Неизвестный Андерсен: сказки и истории - страница 16
И она привалилась к дощатому забору.
– Боже правый, да вы, матушка, совсем плохи! – сказала Марен. – Погодите, может, оно пройдет!.. Нет, вы и впрямь больны! Лучше-ка я сведу вас домой!
– А как же белье?
– Я о нем позабочусь! Берите-ка меня под руку! Мальчик пусть побудет здесь и постережет, а я приду достираю; тут и осталось-то всего ничего!
Ноги у прачки подкашивались.
– Уж очень я долго стояла в студеной воде! И во рту с утра маковой росинки не было! Меня всю ломает! Господи Исусе! Помоги мне дойти до дому! Бедное мое дитятко!
И она разрыдалась.
Мальчик заплакал, вскоре он сидел у реки один, присматривая за мокрым бельем. Женщины шли медленно, прачку пошатывало, из проулка они свернули на улицу; когда они поравнялись с домом судьи, прачка повалилась на булыжную мостовую. Вокруг собрался народ.
Марен-Хромуша побежала во двор за помощью. Судья со своими гостями смотрел из окна.
– Это прачка! – сказал он. – Хватила лишнего! Пропащая женщина! Жаль только ее красивого мальчика. Я к нему действительно расположен.
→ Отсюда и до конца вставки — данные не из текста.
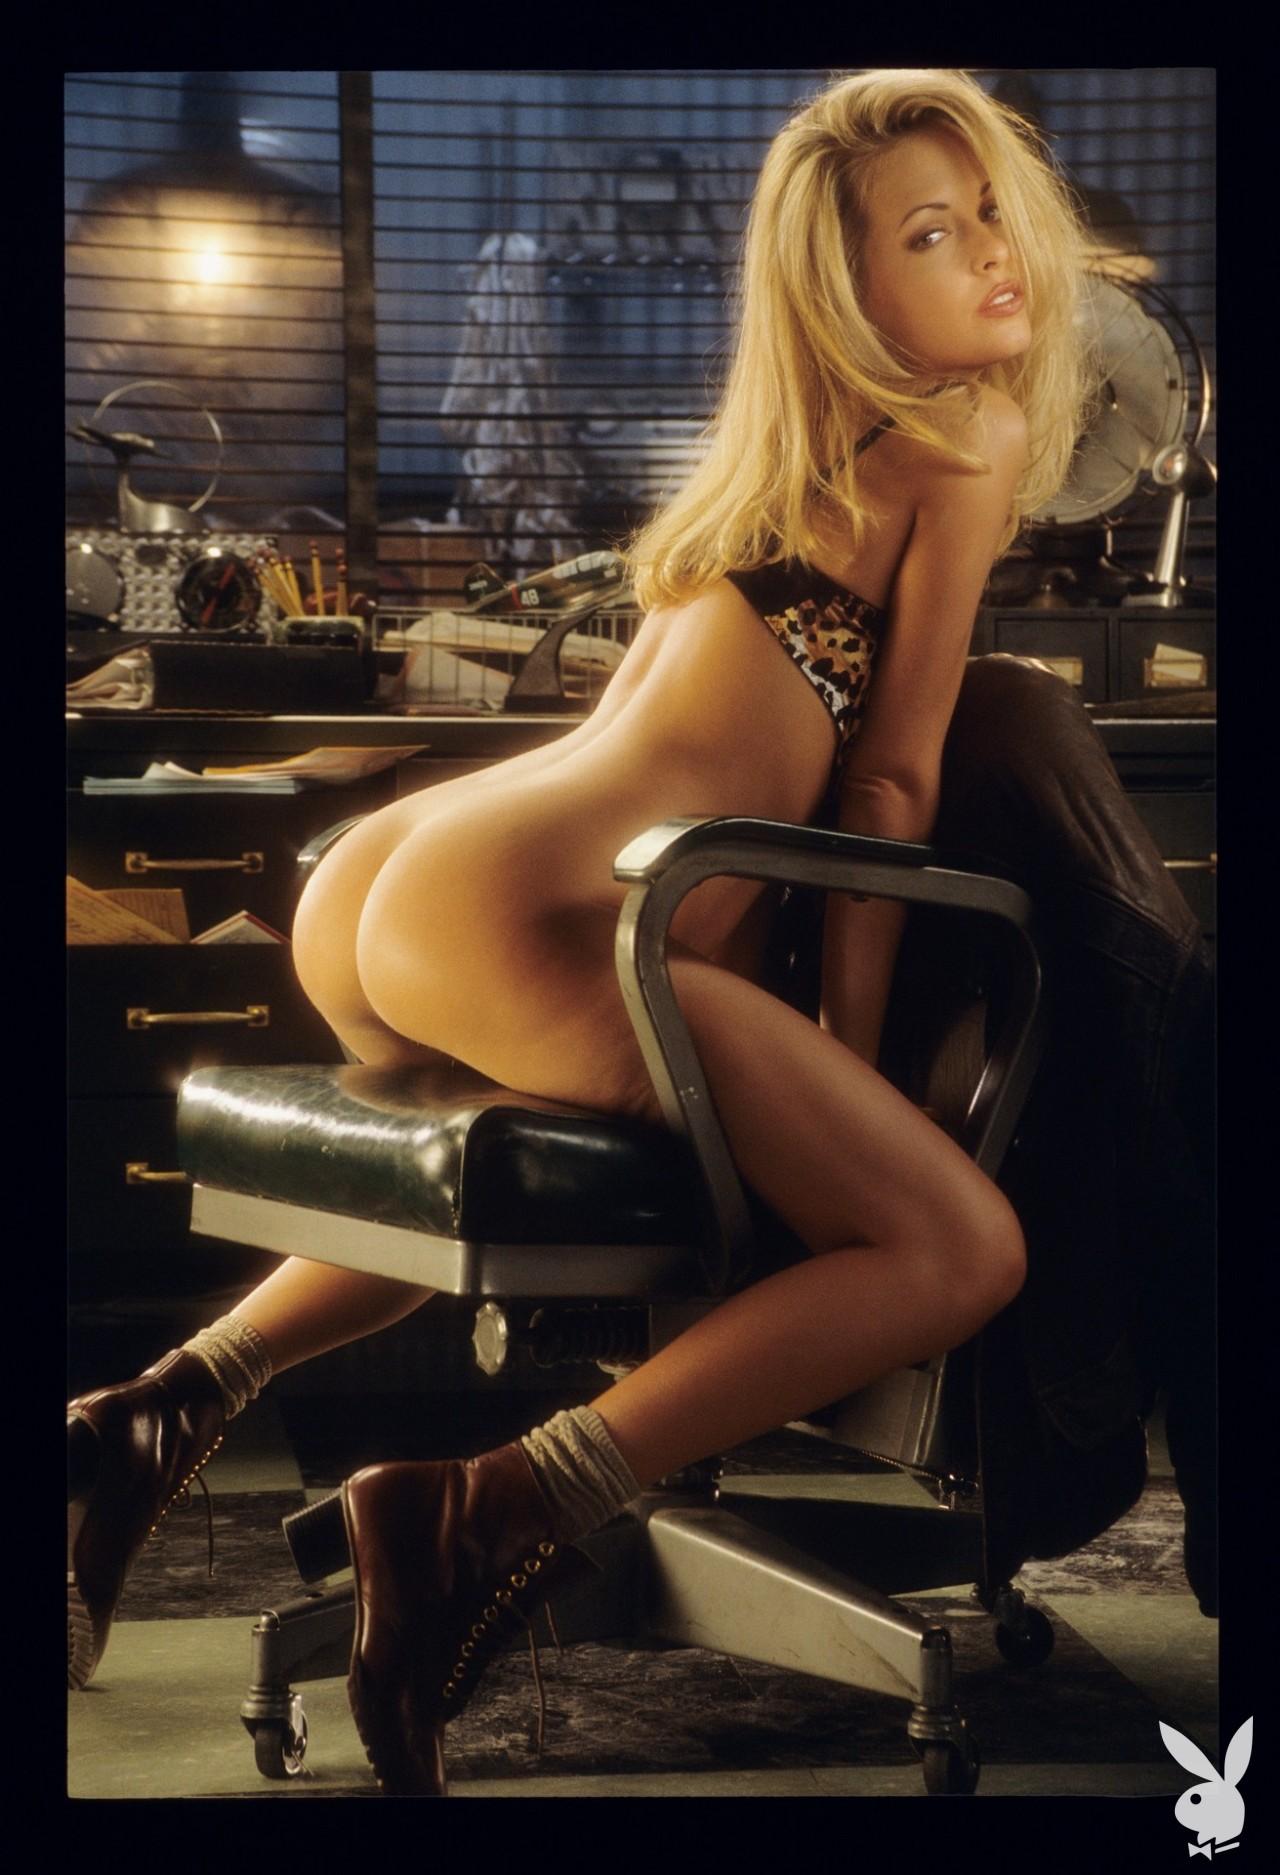 Playmate June 1995 Rhonda Adams Playboy Plus (8)

А мать – пропащая!
Прачку привели в чувство, проводили до ее бедного жилища и уложили в постель. Добрая Марен приготовила ей чашку подогретого пива с маслом и сахаром, это было, по ее разумению, наилучшим лекарством, после чего отправилась на реку; белье она выполоскала из рук вон плохо, зато с душою; собственно, она просто-напросто вытащила мокрое белье на берег и покидала в корзину.
Под вечер она сидела у прачки в ее убогой каморке. Кухарка судьи дала ей для больной несколько картошек, обжаренных в жженом сахаре, и чудесный жирный кусок ветчины. Все это уплели мальчик с Марен; больная же лакомилась запахом, он до того питательный, сказала она.
Потом мальчик улегся на ту же самую постель, где лежала и его мать, только спал он у нее в ногах, поперек, и укрывался старым половиком, сшитым из синих и красных лоскутьев.
Прачке чуточку полегчало; ее подкрепило горячее пиво и подбодрил запах вкусной еды.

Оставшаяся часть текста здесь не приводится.